→ HOW TO COMPLETE THIS TASK: Using the records below, quote only the span that opens with the line containing "PARIS EXPOSITION COLONIALE" and closes with the line containing "Bình Thuận tổ", exactly and inclusively.

-------- INPUT RECORDS

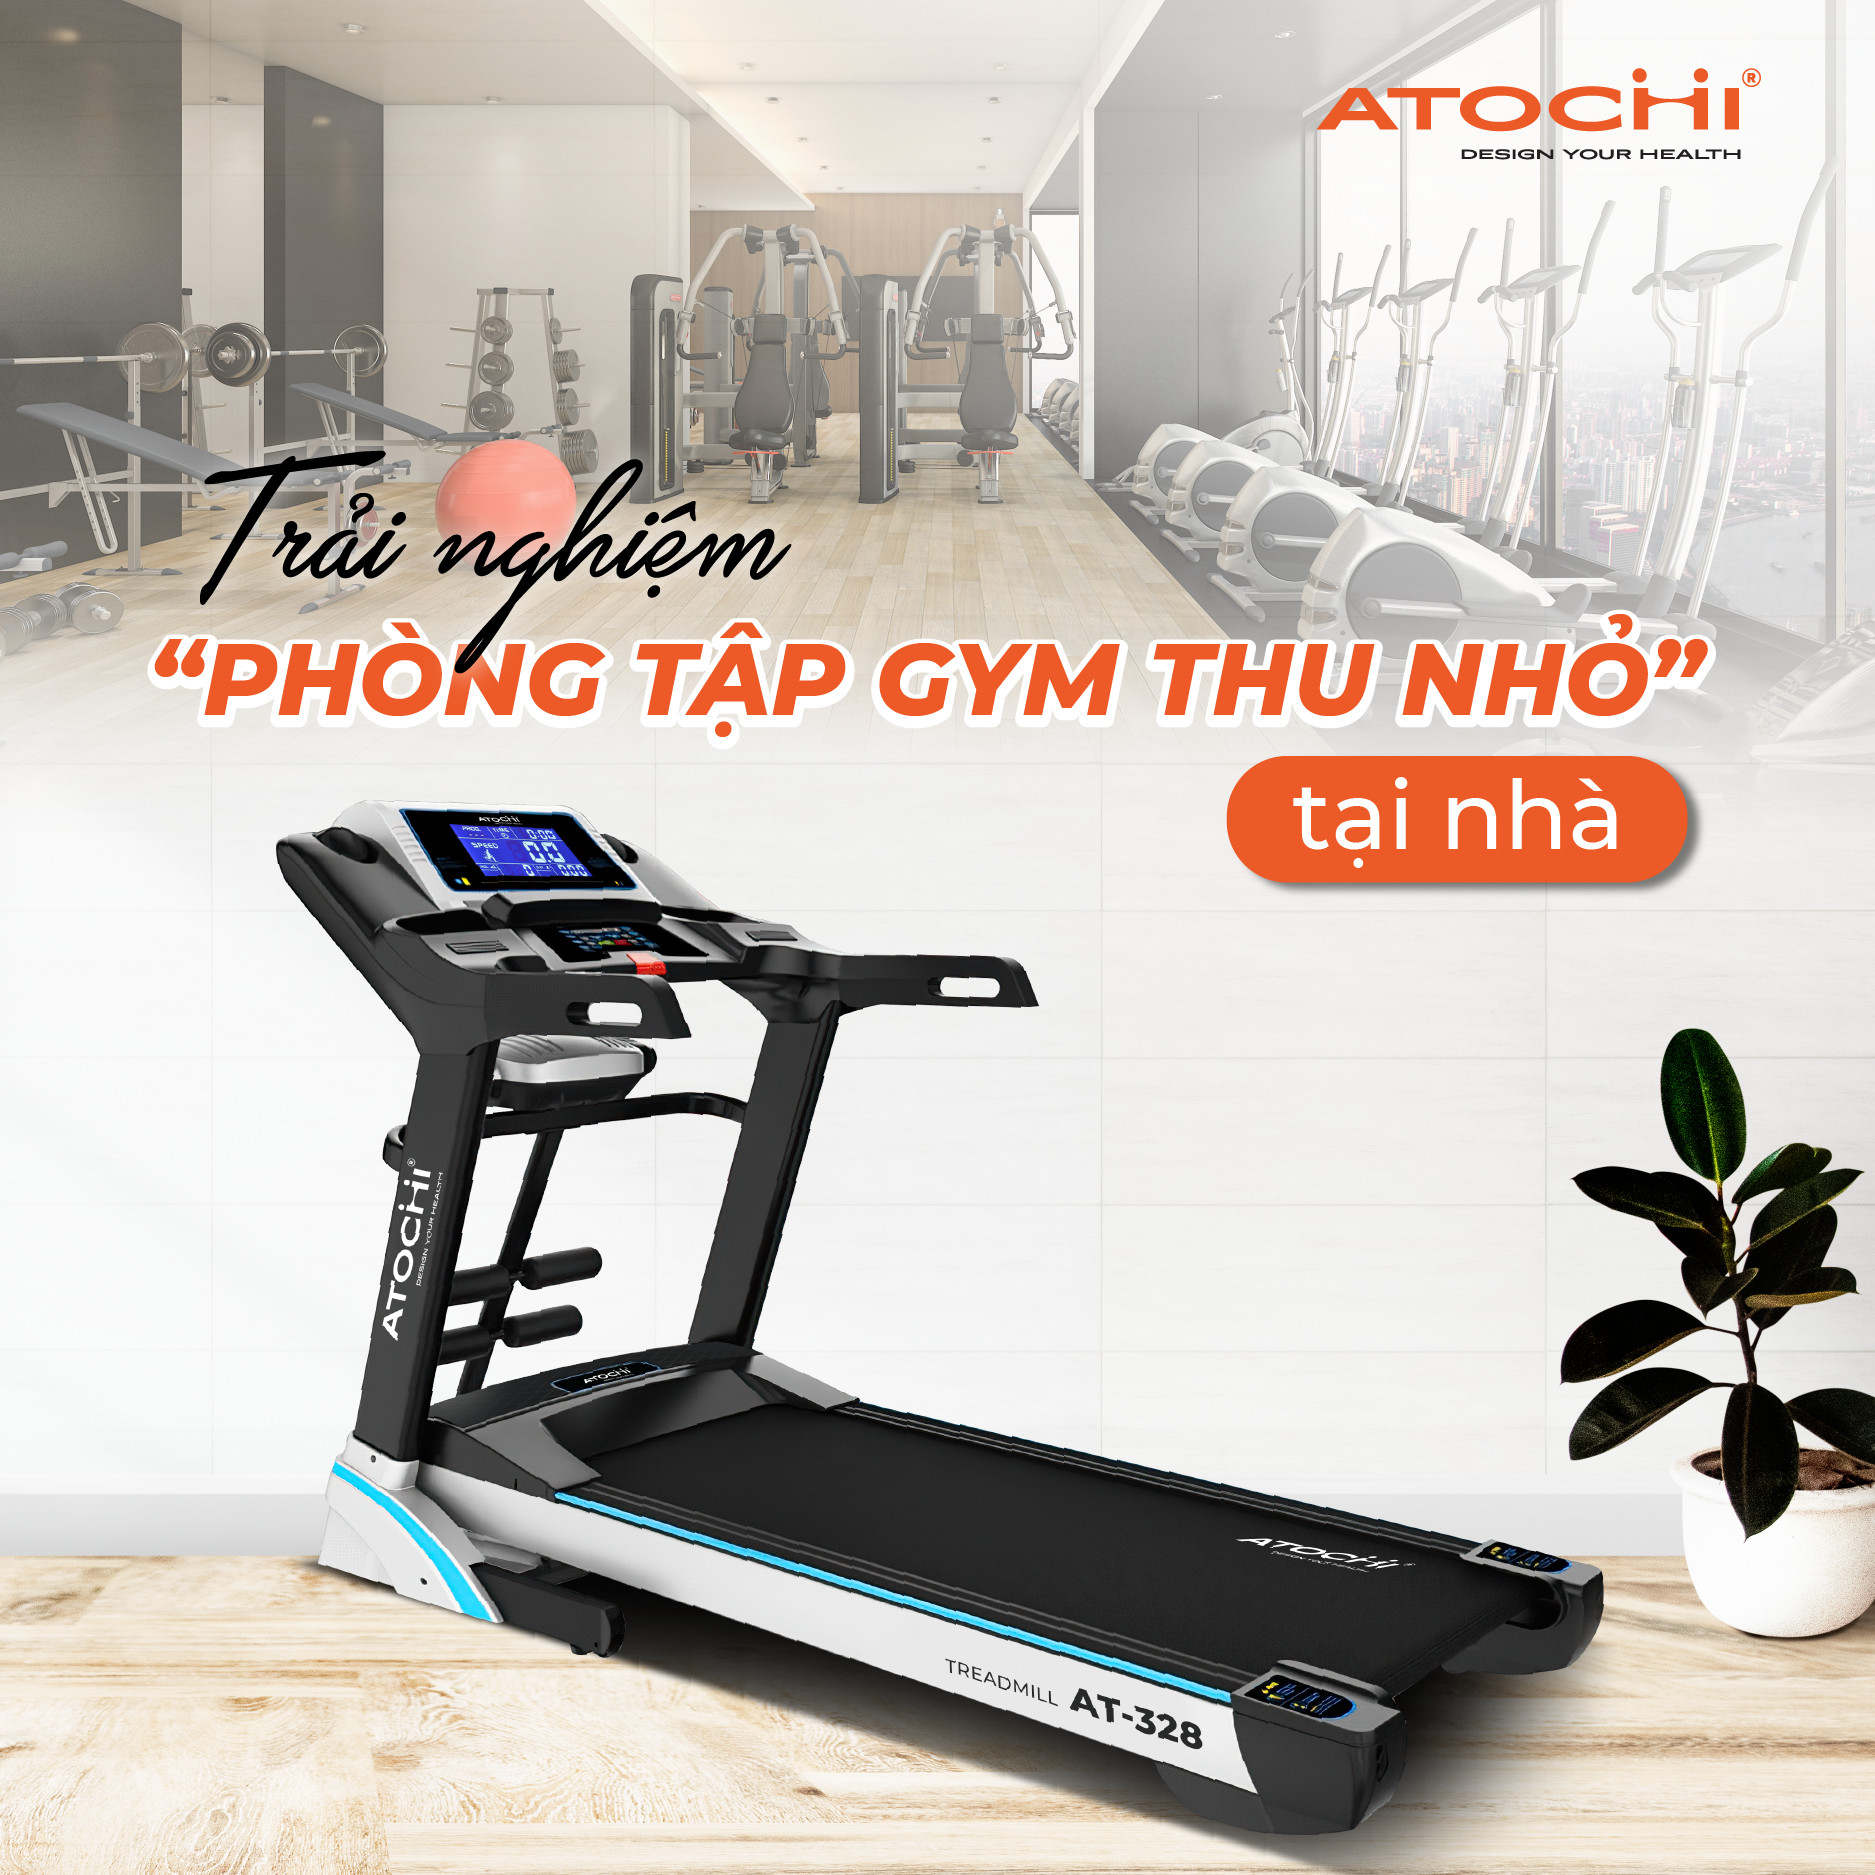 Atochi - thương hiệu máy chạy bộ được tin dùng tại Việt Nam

----------------
-------- INPUT RECORDS

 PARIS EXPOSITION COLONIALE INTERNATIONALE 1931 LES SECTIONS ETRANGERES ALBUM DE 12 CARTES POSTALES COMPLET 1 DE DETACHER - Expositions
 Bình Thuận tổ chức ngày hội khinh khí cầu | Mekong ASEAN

----------------

→ RESPONSE:
 PARIS EXPOSITION COLONIALE INTERNATIONALE 1931 LES SECTIONS ETRANGERES ALBUM DE 12 CARTES POSTALES COMPLET 1 DE DETACHER - Expositions
 Bình Thuận tổ chức ngày hội khinh khí cầu | Mekong ASEAN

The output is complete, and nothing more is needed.